Active BD patients (23) | Inactive BD patients (8) | Normal controls (28) | P value | |
---|---|---|---|---|
Age | 36±2 | 37±5 | 34±3 | P>0.05 |
Gender (male/female) | 13/10 | 5/3 | 16/12 | P>0.05 |
Values are expressed as mean±SD
Cell culture
Peripheral blood mononuclear cells (PBMCs) and CD14+ monocytes were separated from the peripheral blood and purified according to the methods described earlier [21]. Immature monocyte-derived DCs were obtained as described earlier [22]. DCs were treated with autophagy activator (rapamycin (100nM, Sigma-Aldric, St Louis, MO, USA) or inhibitor (3-MA(10mM, Sigma-Aldrich, St Louis, MO, USA) together with LPS (Sigma-Aldrich, St Louis, MO, USA) for 24 h.

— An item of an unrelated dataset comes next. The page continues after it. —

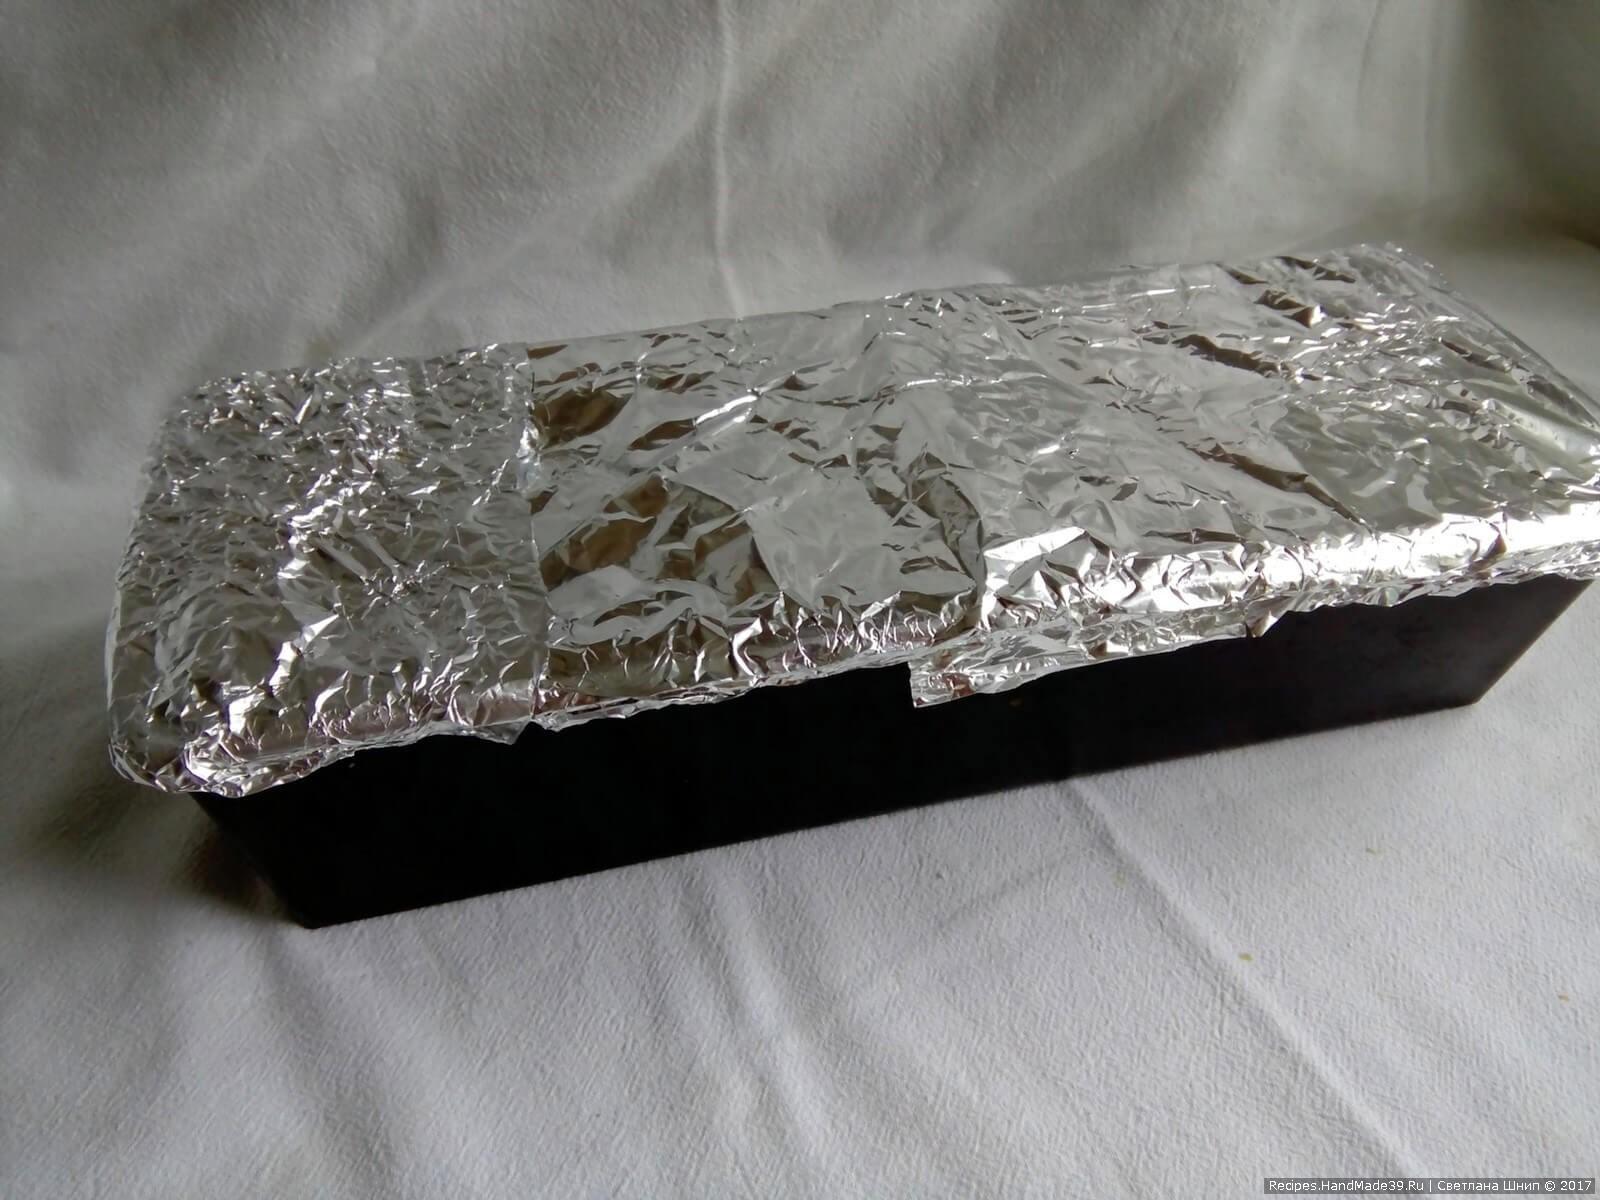 Закрыть форму фольгой и поставить на 20 минут в духовку, разогретую до 180 °C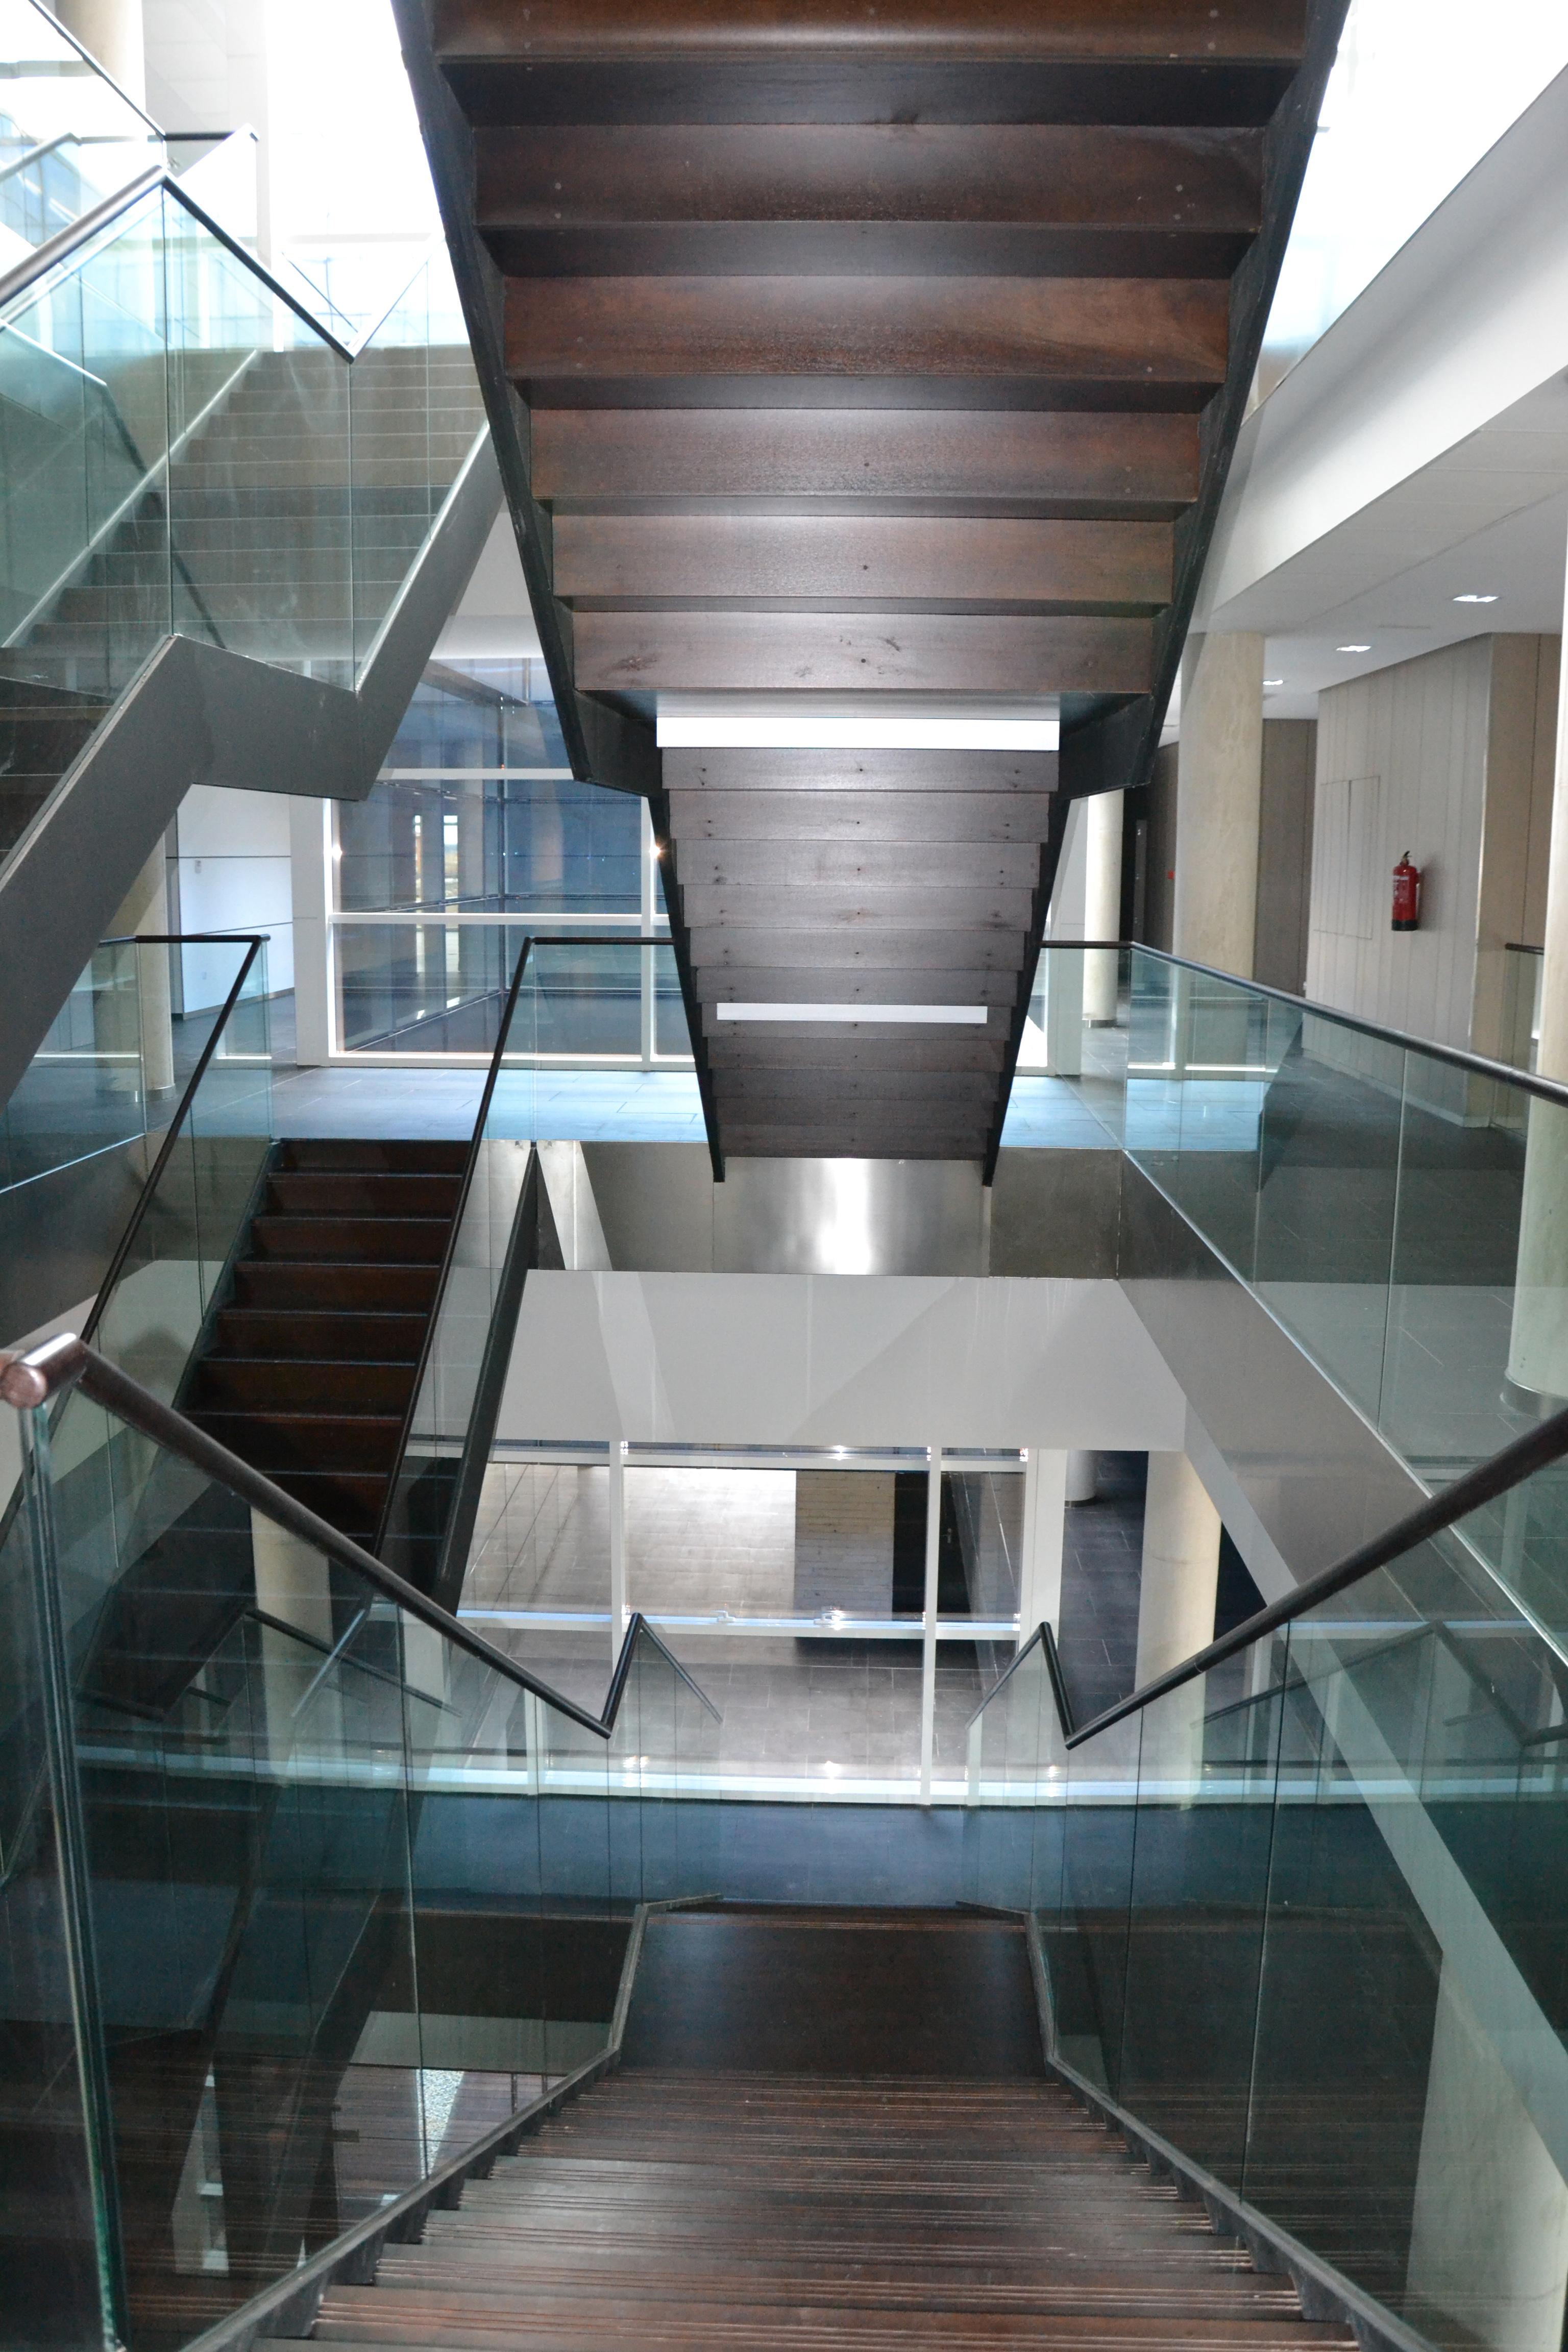 El Centro de Láseres Pulsados Ultracortos Ultraintensos se instalará en el M3 del Parque Científico de la Universidad de Salamanca

Transmission electron microscopy
The collected DCs were prepared according to the methods described earlier [23]. An H-7500 transmission electron microscope (Hitachi, Japan) was used to identify autophagosome-like vesicles at 80 kV.
Western blotting
Western blotting was performed following methods described earlier [8]. All the band detection is within the linear range.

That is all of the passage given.